Your objective
Could the listing below be returned exactly, with its pictures left out?

Data shown
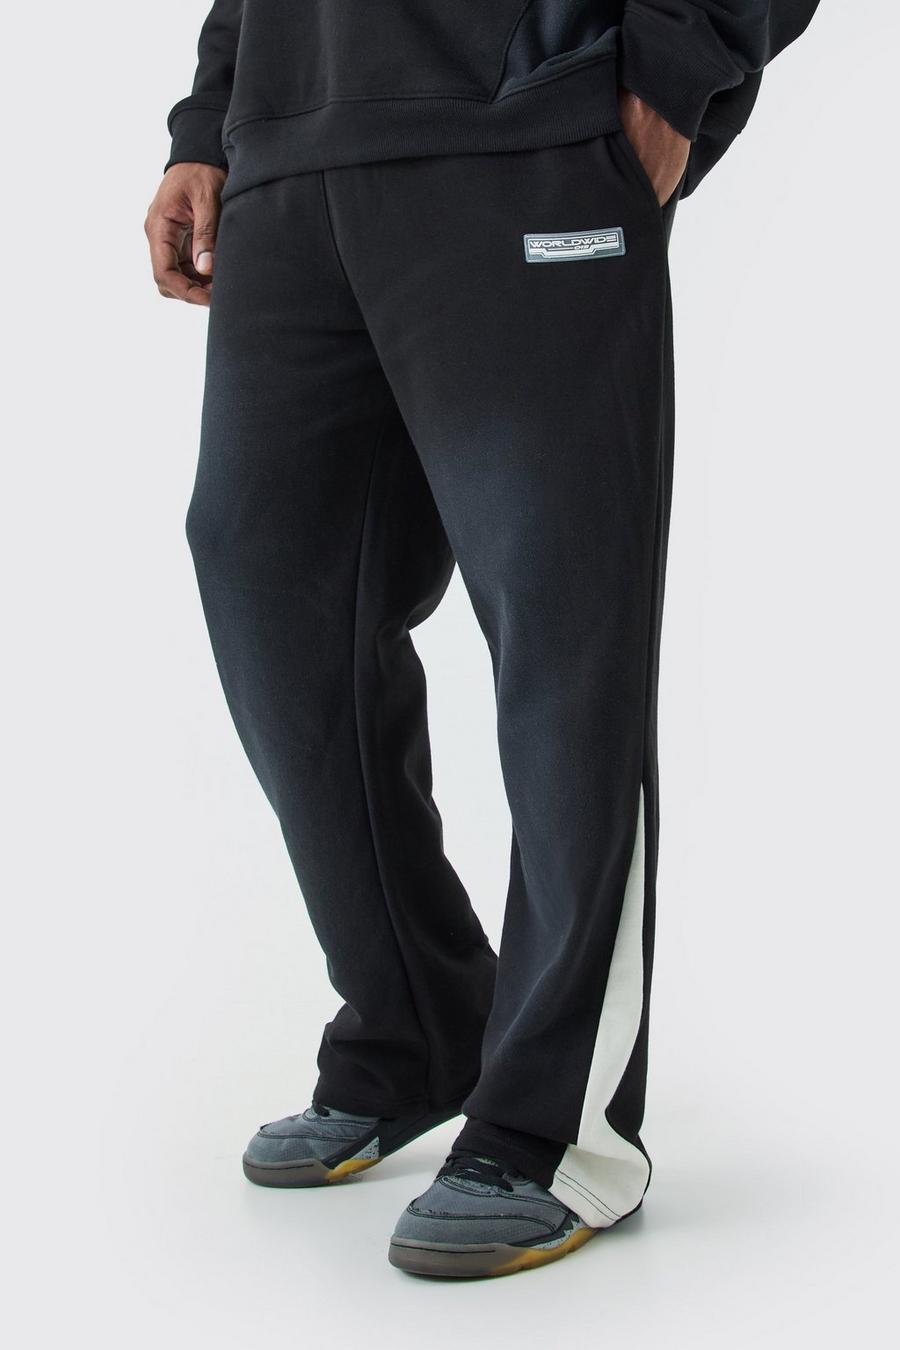 Pantalón deportivo Plus Regular de tela rizo desteñida con refuerzos, Black
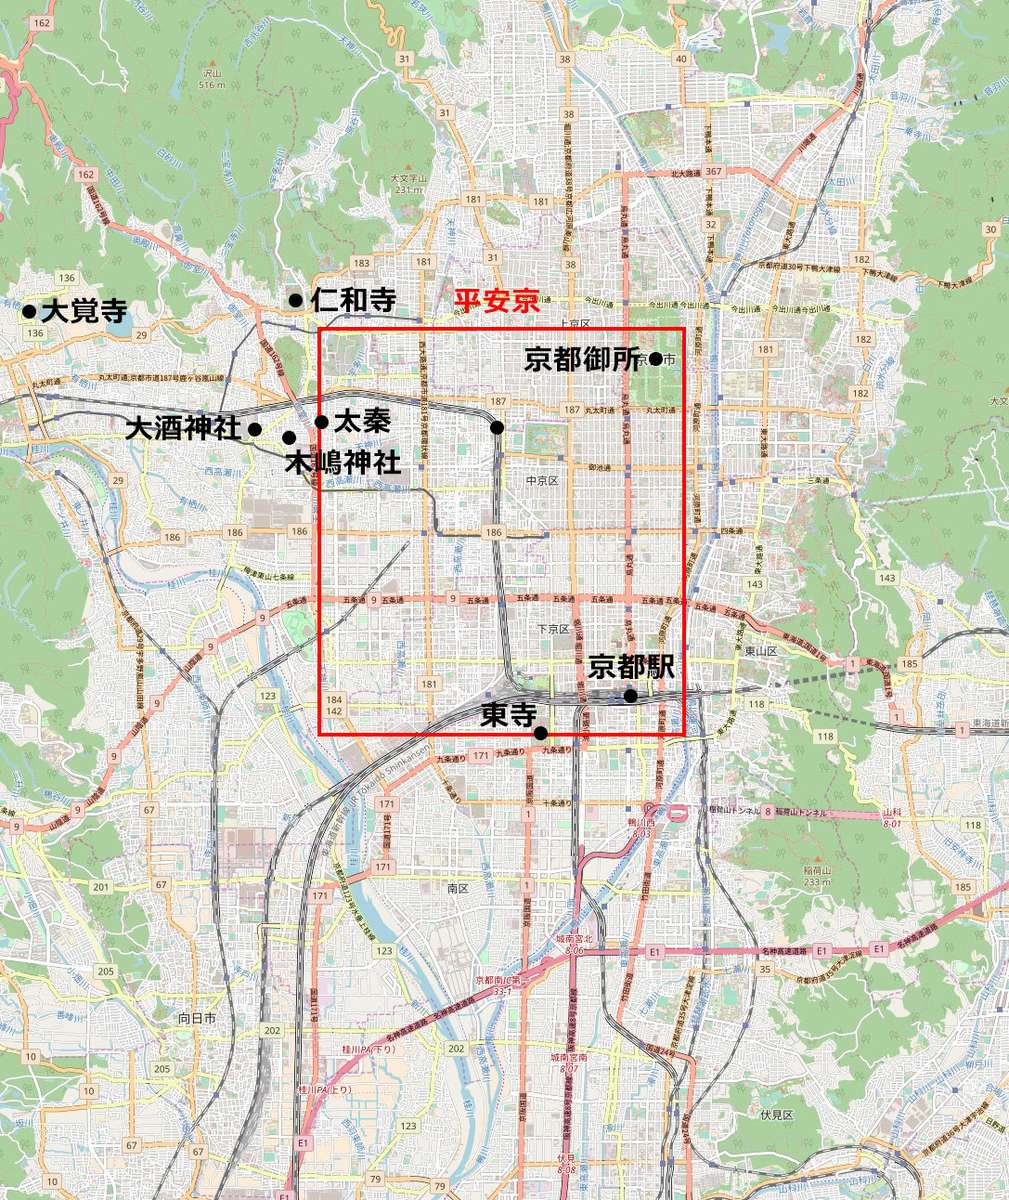 秦氏の拠点となる平安京に建立された古代の神社 (赤枠は平安京の想定位置) 引用元: Wikipedia
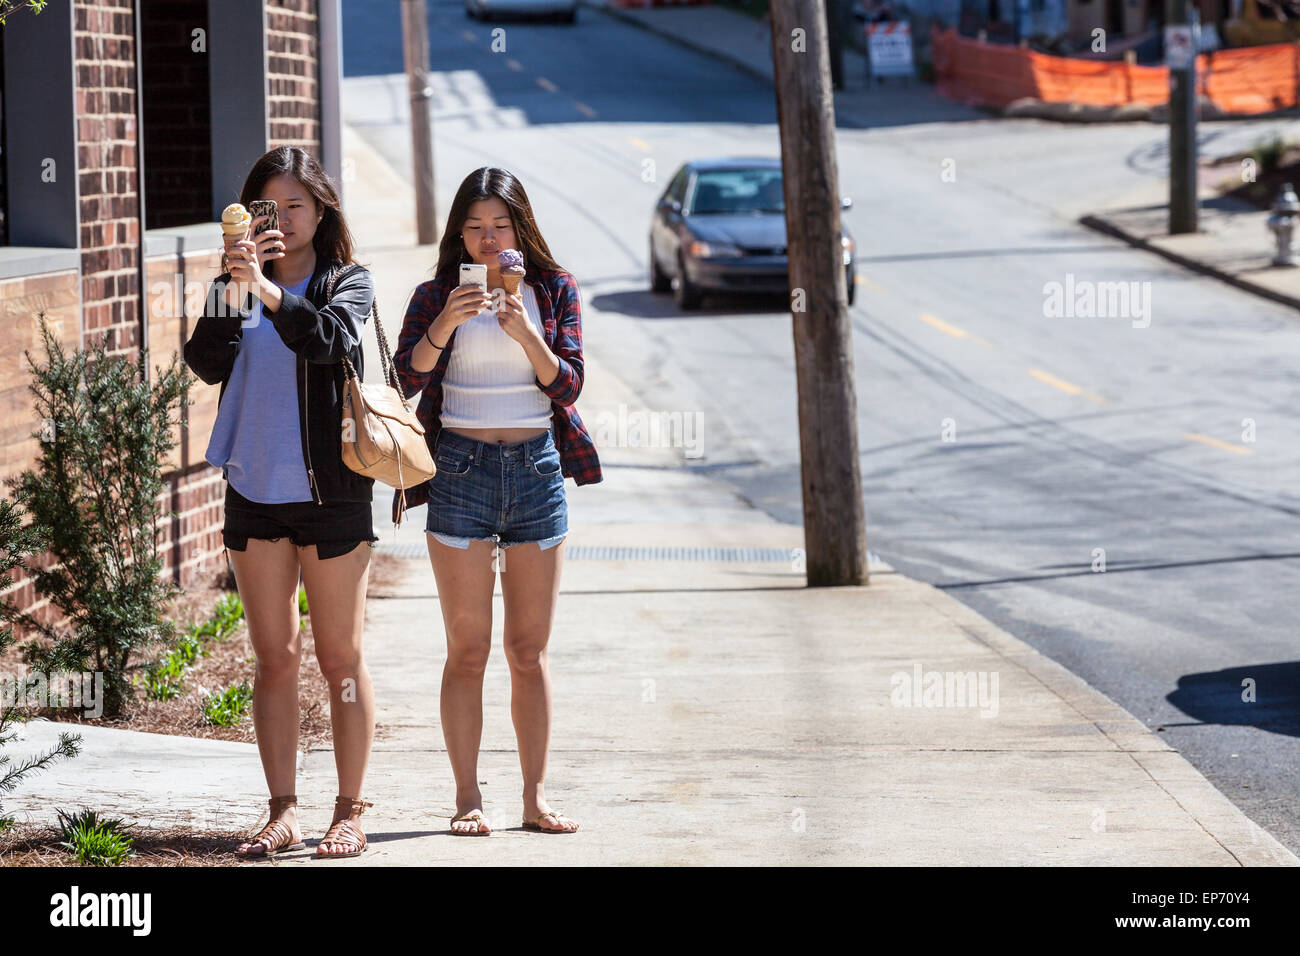 Deux Américains d'origine sur les femmes des glaces et des téléphones cellulaires, Inman Park, Atlanta, Georgia, USA Banque D'Images

Your solution
 Pantalón deportivo Plus Regular de tela rizo desteñida con refuerzos, Black
 秦氏の拠点となる平安京に建立された古代の神社 (赤枠は平安京の想定位置) 引用元: Wikipedia
 Deux Américains d'origine sur les femmes des glaces et des téléphones cellulaires, Inman Park, Atlanta, Georgia, USA Banque D'Images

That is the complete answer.